Will the real Chuck Schumer please stand up?
"We're calling for the full six-week investigation. It's a serious investigation and the reason why this is critical is while maybe there's nothing wrong with this company, how do we know they're not infiltrated?" asked Sen. Chuck Schumer, D-N.Y. "The United Arab Emirates has had people involved in terrorism. In fact, some of its financial institutions laundered the money for the (Sept, 11) terrorists. And to just blithely go ahead and treat this as another economic transaction is all wrong."

Posted by: Morris at February 16, 2006 04:16 PM | PERMALINK

Outsourcing in this case, is not a good idea, and I don't think they need to rely on the same fearmongering that plays so well over in LGF-land. The "has people involved with terrorism" argument is stupid, overly broad and borders on condeming a the UAE as chock full of evildoers. The money laundering is relevant. If there are systematic security issues, those are relevant. I think the first statement was stupid and overly broad. That being said, I don't know that handing over port security to anyone is a good idea. Well, maybe the Mossad.*

* I kid! I kid!

Posted by: binky at February 16, 2006 04:26 PM | PERMALINK

don't you know, binky!? the mossad already runs american ports. just ask any number of people in the UAE.

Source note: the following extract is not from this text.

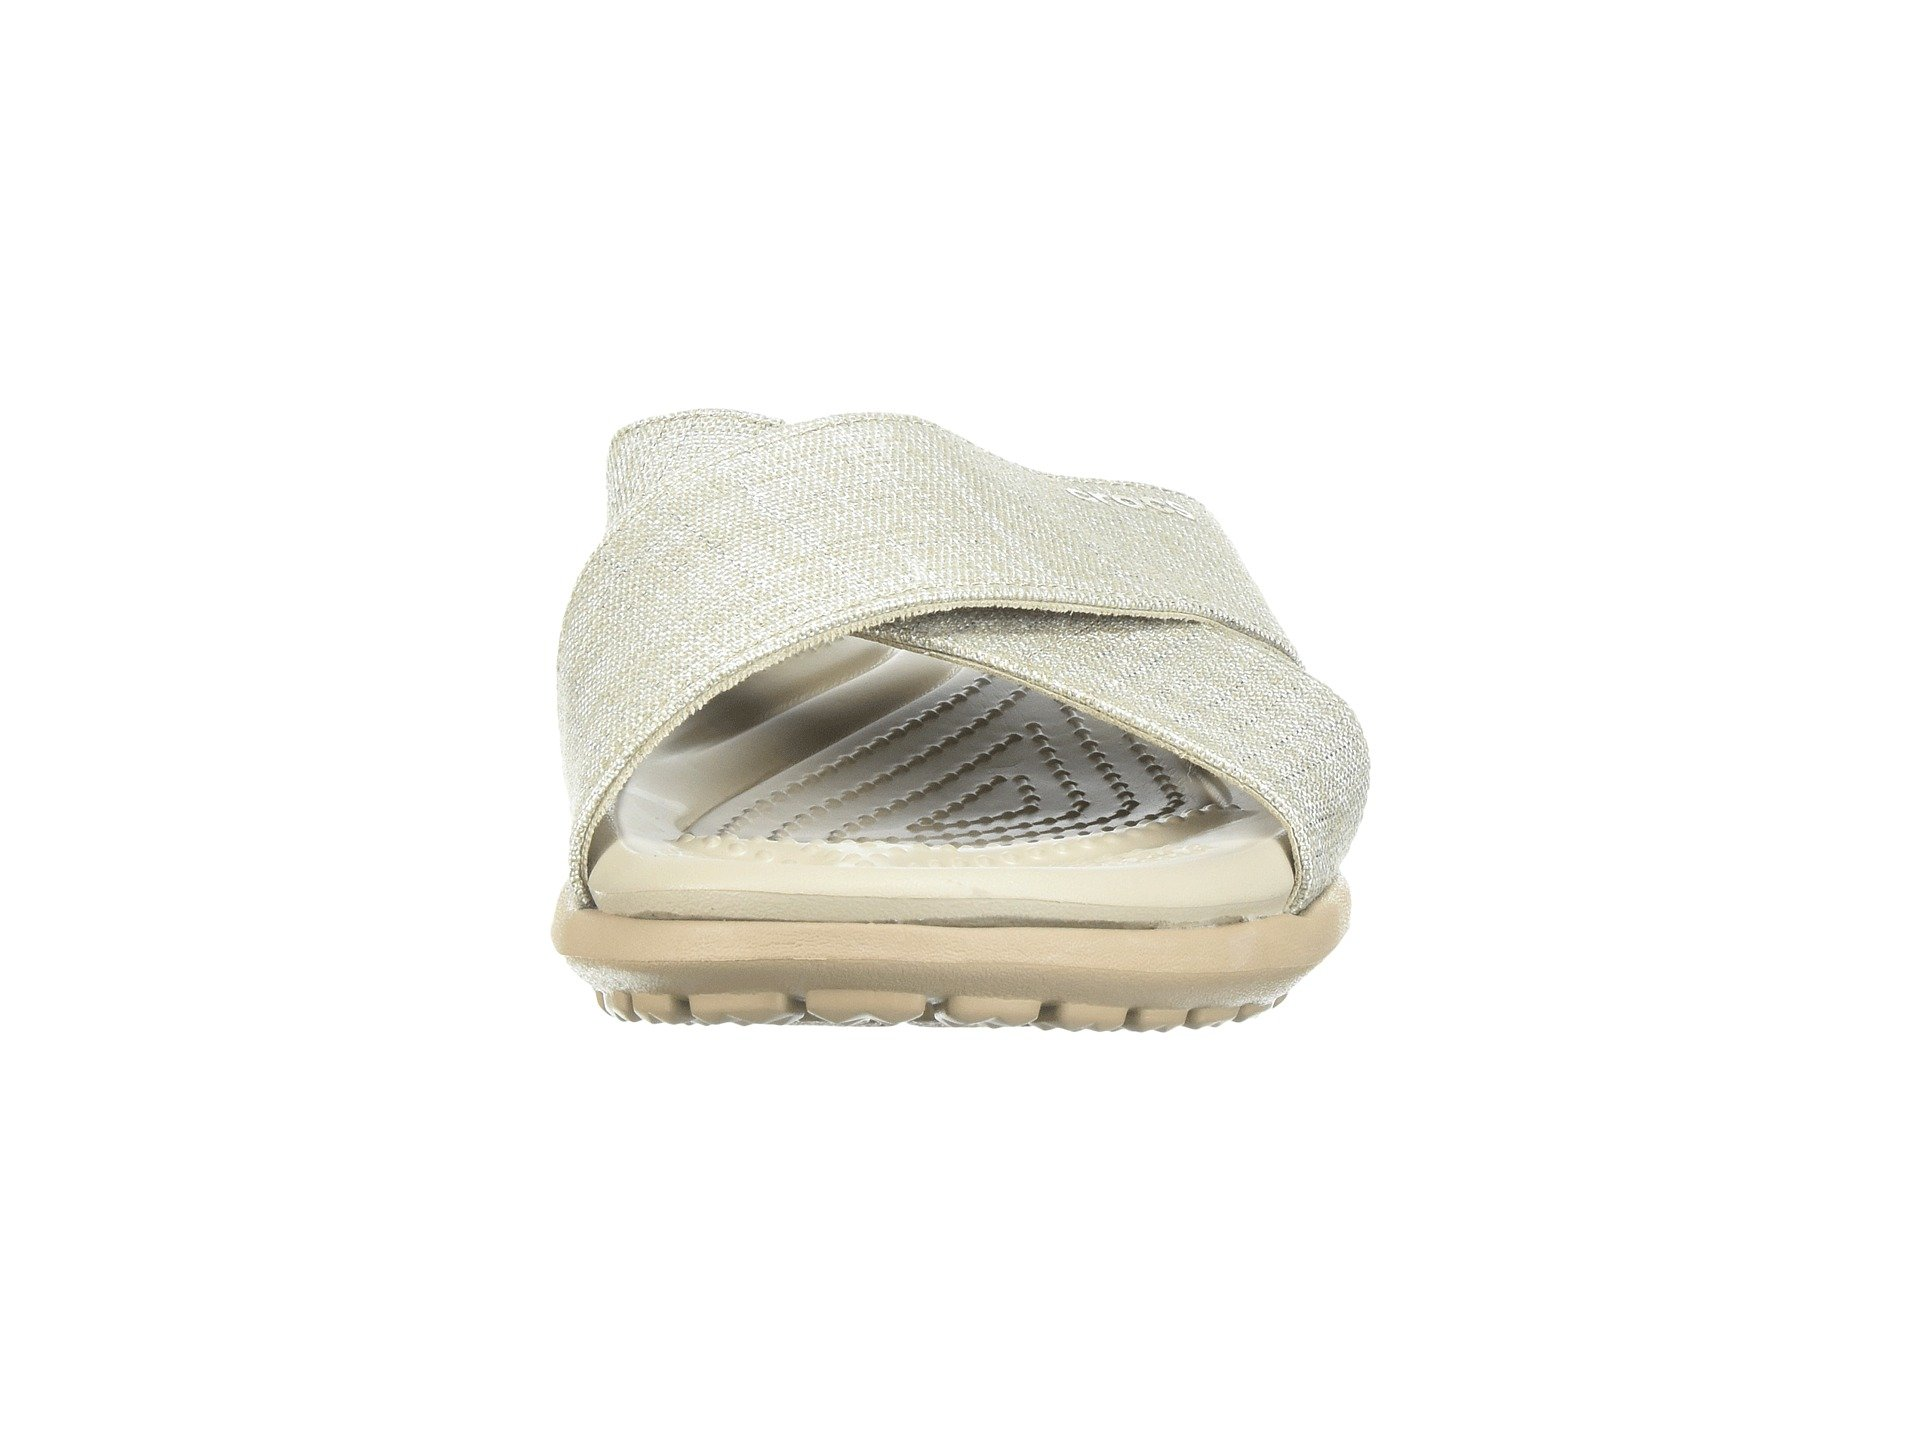 cobblestone Shimmer Xband Oyster Crocs Capri qU7wW5fT

hey mo, maybe if the bush administration had turned away from the war in iraq to do one measly thing about the woeful state of our port security (almost certainly our biggest vulnerability with respect to NBC attacks) schumer could turn his attention elsewhere and you could keep smearing him as soft on terrorism.

Posted by: moon at February 16, 2006 07:59 PM | PERMALINK

There's a way to compel Congress to investigate, even if they refuse: [ Click ]

Posted by: Constant at February 17, 2006 04:59 PM | PERMALINK

wow. interesting link, constant (hint to other comers, when you get to his page, just follow the Kos link, the other one doesn't work).